TheBank tutorial is now available as an iBook. It is a beta release so please have a look and let us know what you think. download gzip version or the uncompressed version

30 December 2011

We now have a for announcements about SimPy.

25 December 2011

We have just released SimPy 2.3. It now supports Python 3!

The porting to Python 3 went very smoothly and we support both, Python 2 and 3, from one code base. Support for Python < 2.6 has been dropped.

We’ve also updated the examples in the documentation to run under Python 3. The examples are now also executed by py.test, so we can make sure they really run. You can now (similarly to NumPy and SciPy) run the tests on your installed package with "SimPy.test()". Finally, there were many small improvements on the documentation and code clean-ups.

As usual, you can easily install SimPy from PyPI:

    pip install -U SimPy

Merry Christmas and a happy new simulation!

20 October 2011

SimPy 2.3b1 has been made available for those wanting to have a go with Python 3. It is available on Sourceforge. We hope to have 2.3 as a production release before christmas.

SimPy 2.3 will support Python 2.6, 2.7 and 3.2. It might also run on Python 3.0 and 3.1, but this is not yet tested.

28 September 2011

We have released 2.2. It is available on Sourceforge.

20 September 2011

We have just released 2.2b1. This is a beta release and is available on Sourceforge.

September 2011

The SimPy support team has been working to prepare the next version of the distribution. It stays at Sourceforge, but has converted to Mercurial for distributed development. We have rewritten the unit tests for the system, and have simplified the directory structure of the release.

We plan to release version 2.2b1 soon. Users should see no differences in using it, but as a number of structural changes have been made, we are being cautious with this release. Please feedback any problems you find (that is why it is a beta distribution).

The documentation has been simplified to some extent and more changes are planned.

Looking further into the future, we’re planning to support Python 2.6, 2.7 and 3.x in SimPy 2.3. However, we’ll fix critical bugs in 2.2 so that you can safely keep using it.

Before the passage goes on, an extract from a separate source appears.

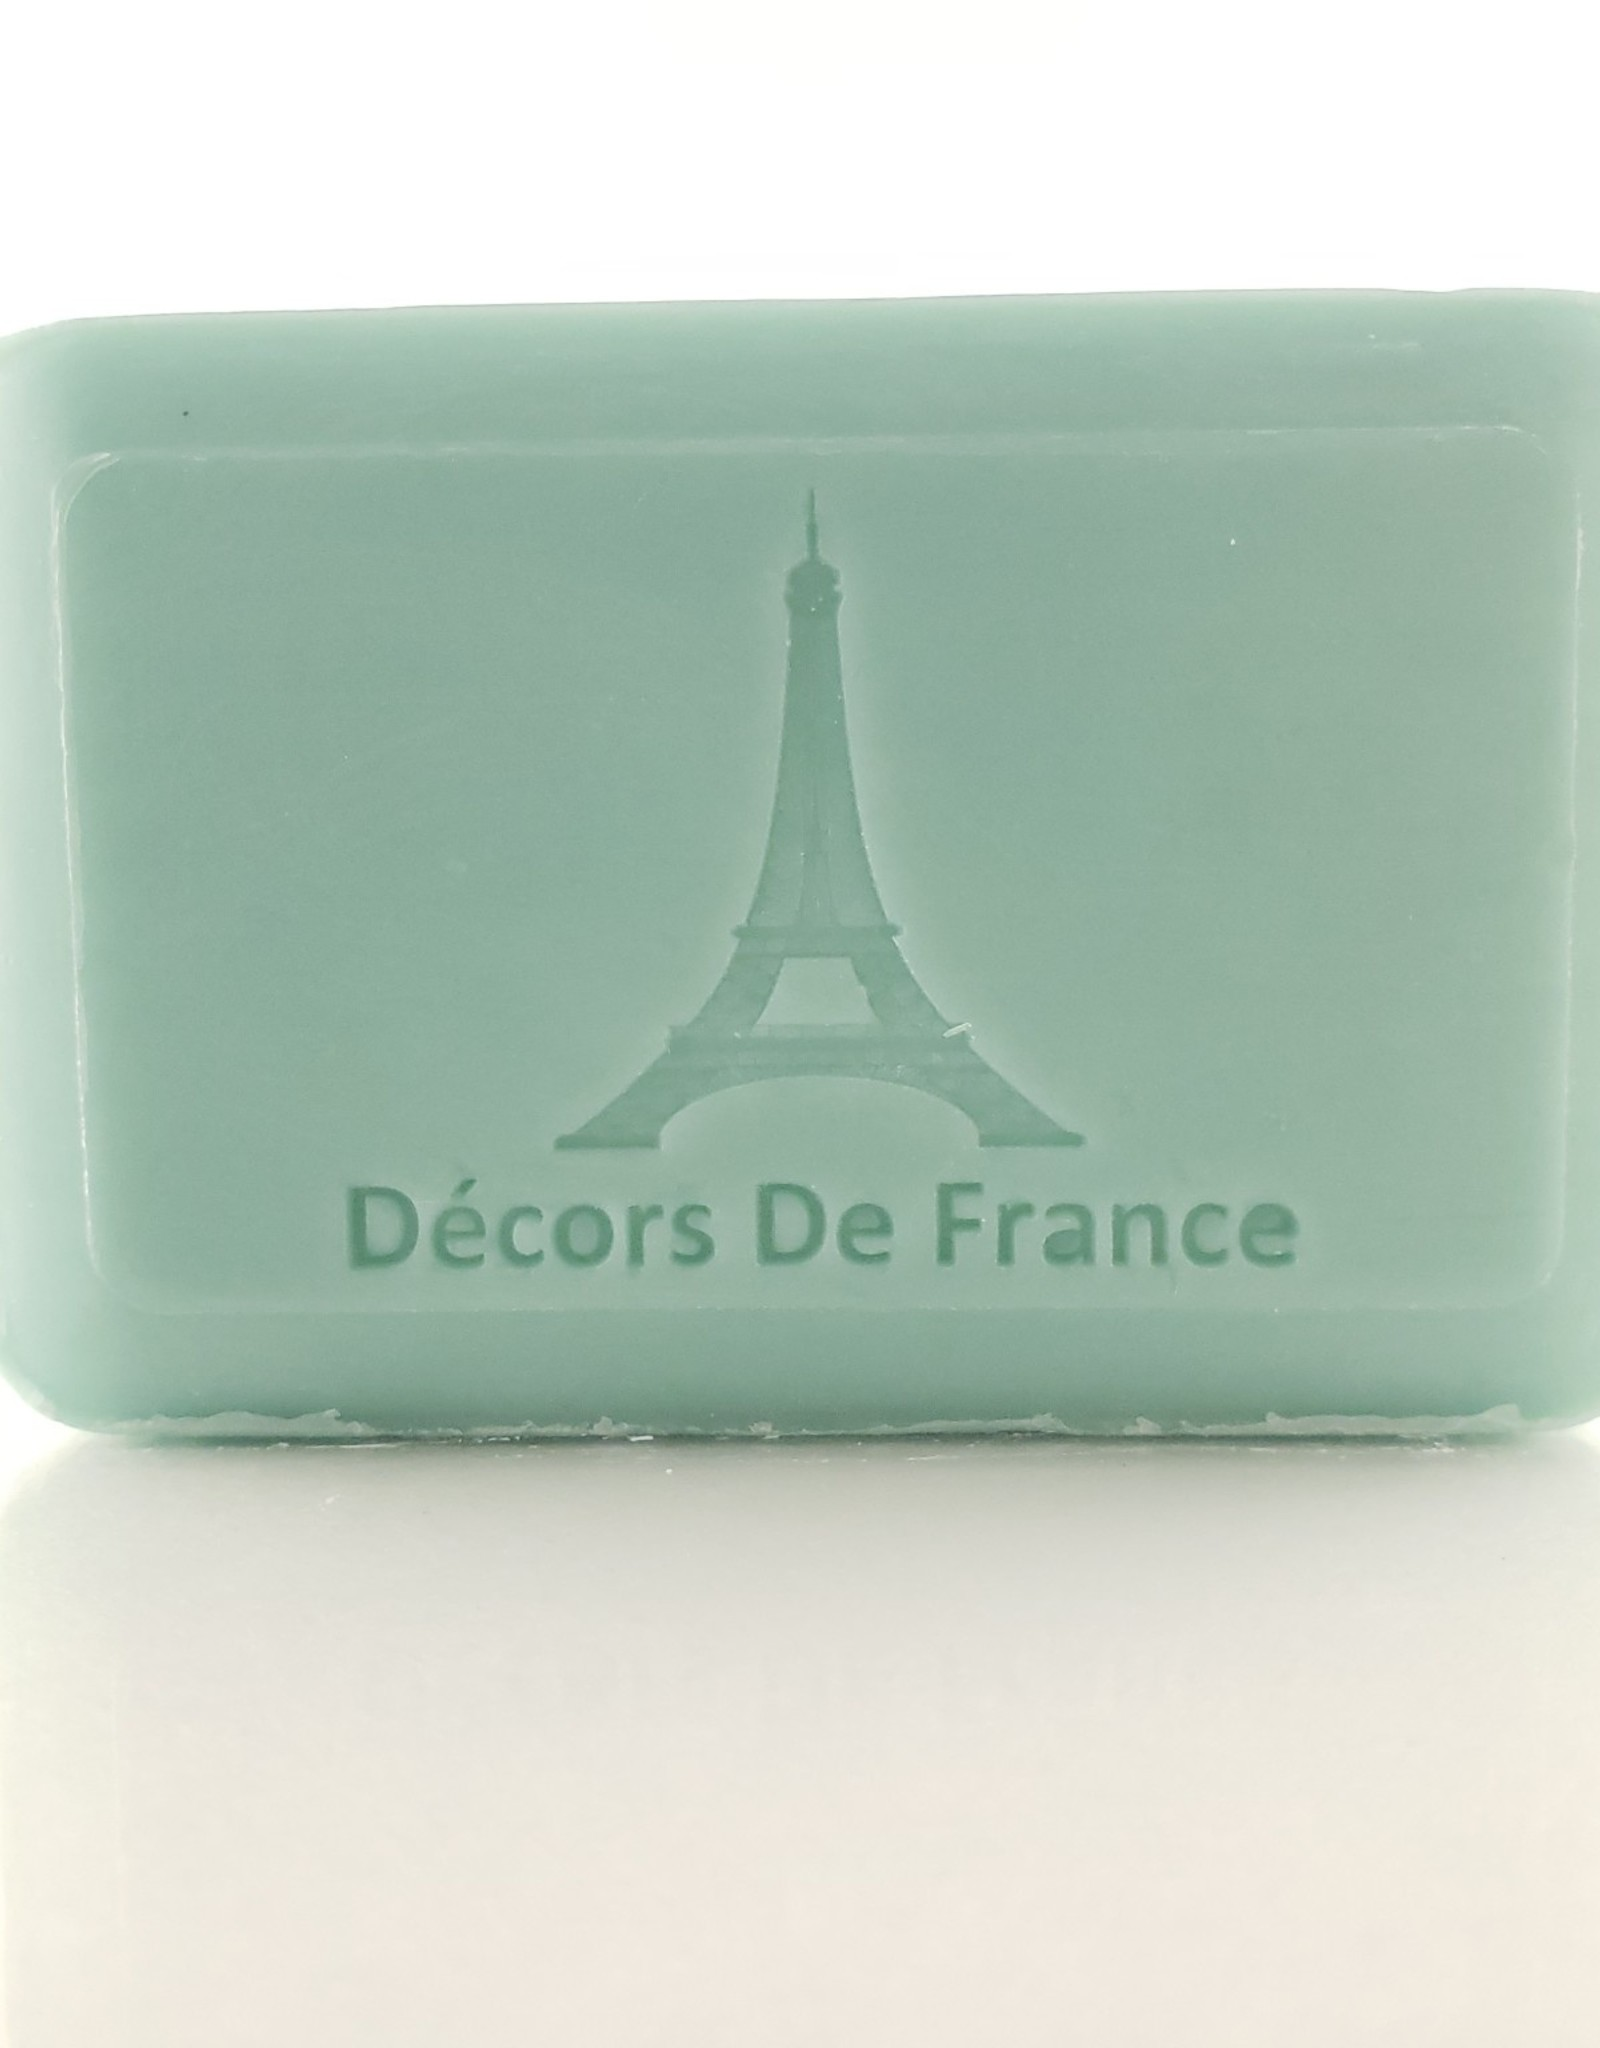 Ocean 250g Soap

The 2.x versions following 2.3 will mainly involve code, test and documentation clean-up and fixes. We’re starting to move away from the traditional, procedural interface in our examples towards the object orientated form. We encourage you to follow our example and modify your code appropriately.

In the not too distant future, we will finally introduce various backward incompatible API and functionality changes with the next major release (SimPy 3). Tony will soon start a survey on which features are used and which not. Some of our ideas:

  • Module, class and method names will be fully PEP8 compliant.
  • We may remove the procedural interface in favour of the OO-API.
  • You won’t need to pass the Simulation instance to a new Process anymore. This will be done automatically once you activate it.
  • The Lister base class will be less verbose or even completely removed.
  • We will drop as many Simulation subclasses as possible (*Step, Trace and so on) and expose the functionality through composition instead of inheritance.
  • Built-in plotting and GUI will be removed. Instead we’ll provide comprehensive documentation and examples on how to use Matplotlib for this.
  • We hope to make something new and fancy from Monitors, Tallys and Collectors

July 2011

  • The wiki has moved and is now hosted at Source Forge.
  • The Python 3.0 version of SimPy is currently under development.
  • We are in the process of experimenting with using Mercurial as our source code repository. The SimPy developers say that it will make collaboration easier.

June 2010

    SimPy 2.1.0 has been published and is available for download at SourceForge and PyPi. This is the latest production version of SimPy.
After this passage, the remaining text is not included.